• _WORK TO BE COMPLETED_
Exact copies of all the lines below are needed, without the pictures.

• _DATASET CONTENT_
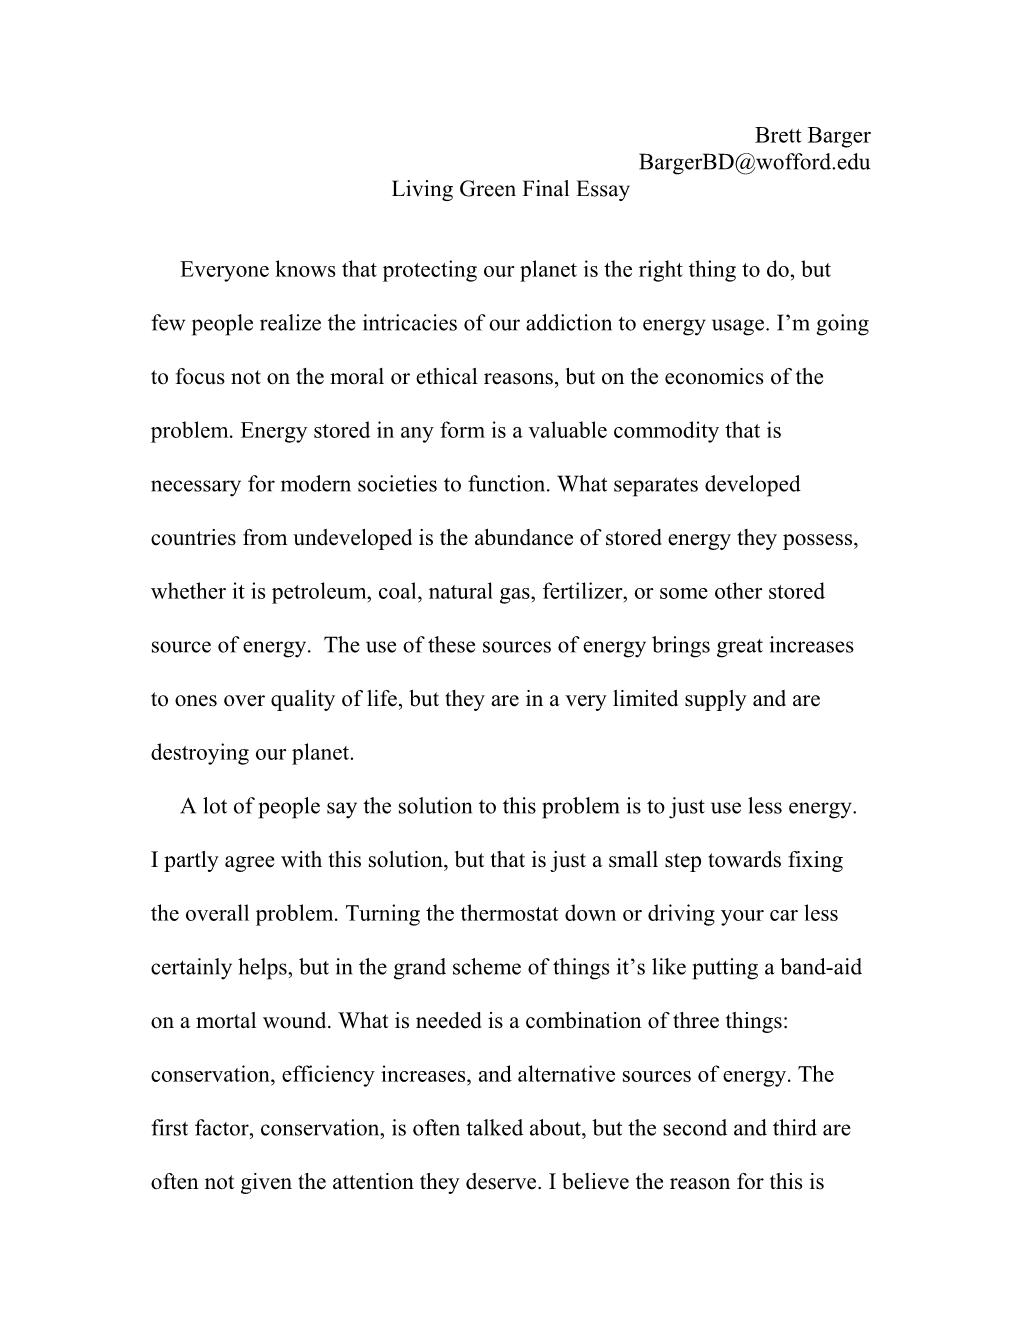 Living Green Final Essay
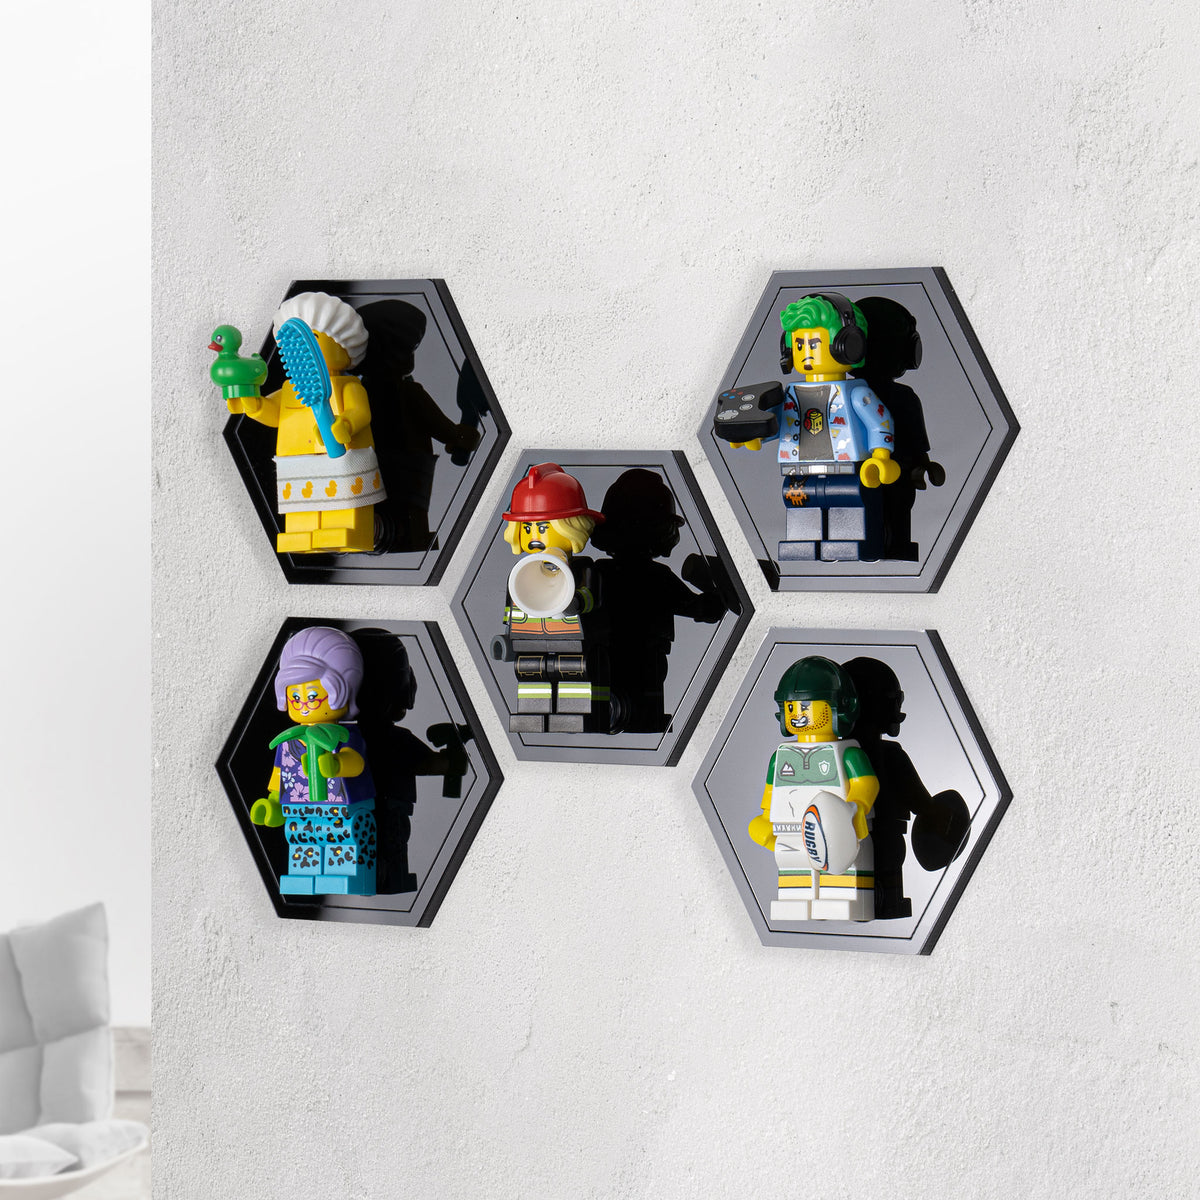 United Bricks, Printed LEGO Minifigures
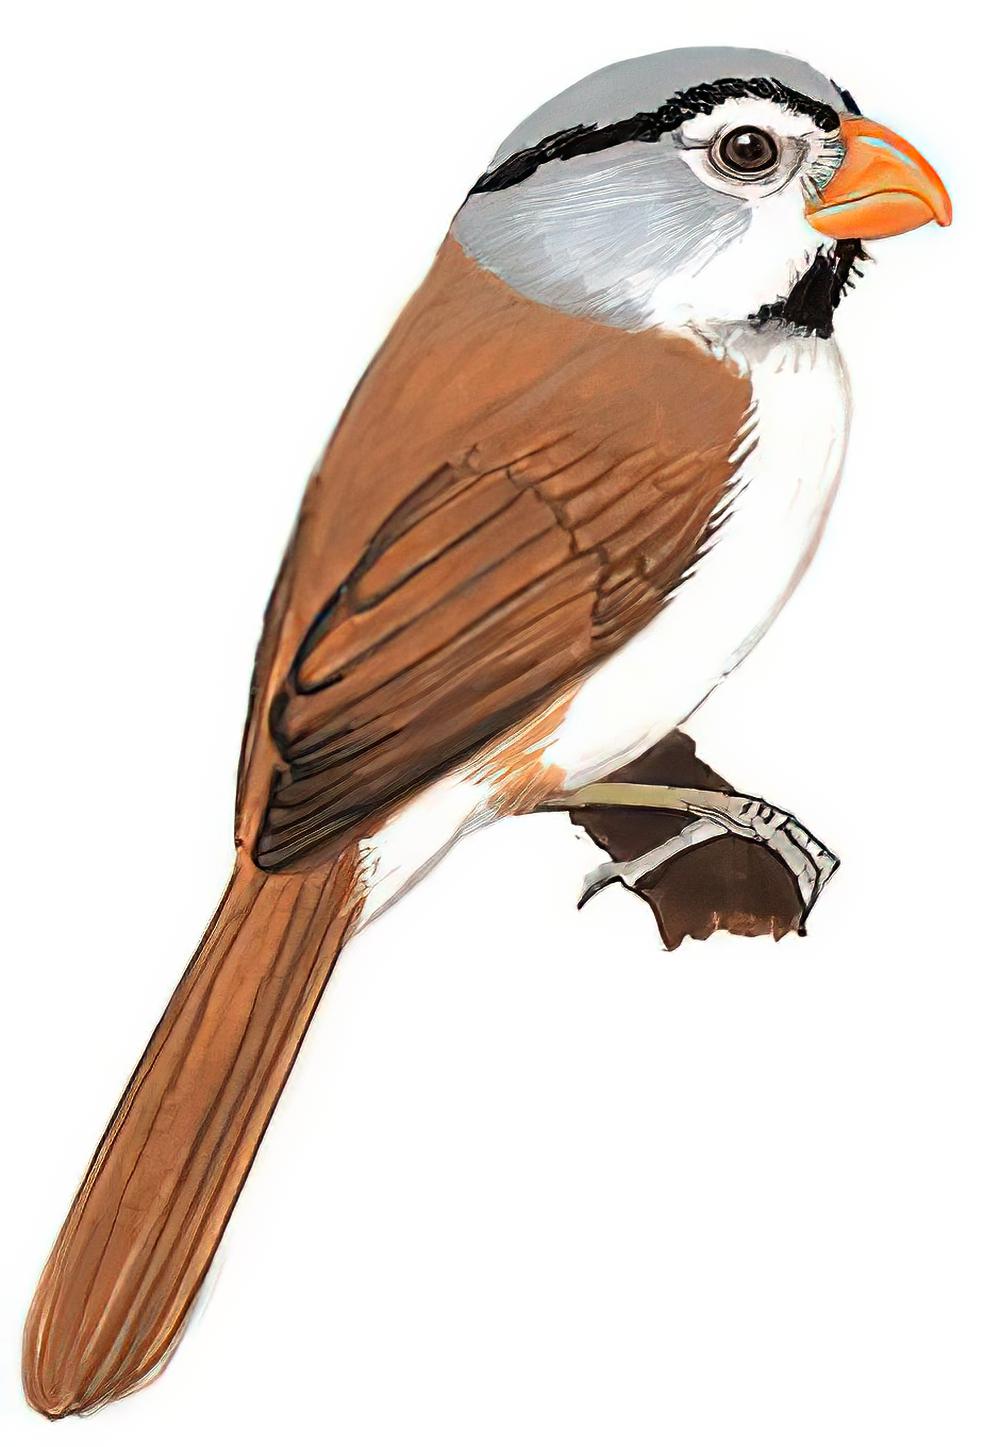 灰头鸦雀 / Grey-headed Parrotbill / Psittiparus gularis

• _OUTPUT FOR THIS TASK_
 Living Green Final Essay
 United Bricks, Printed LEGO Minifigures
 灰头鸦雀 / Grey-headed Parrotbill / Psittiparus gularis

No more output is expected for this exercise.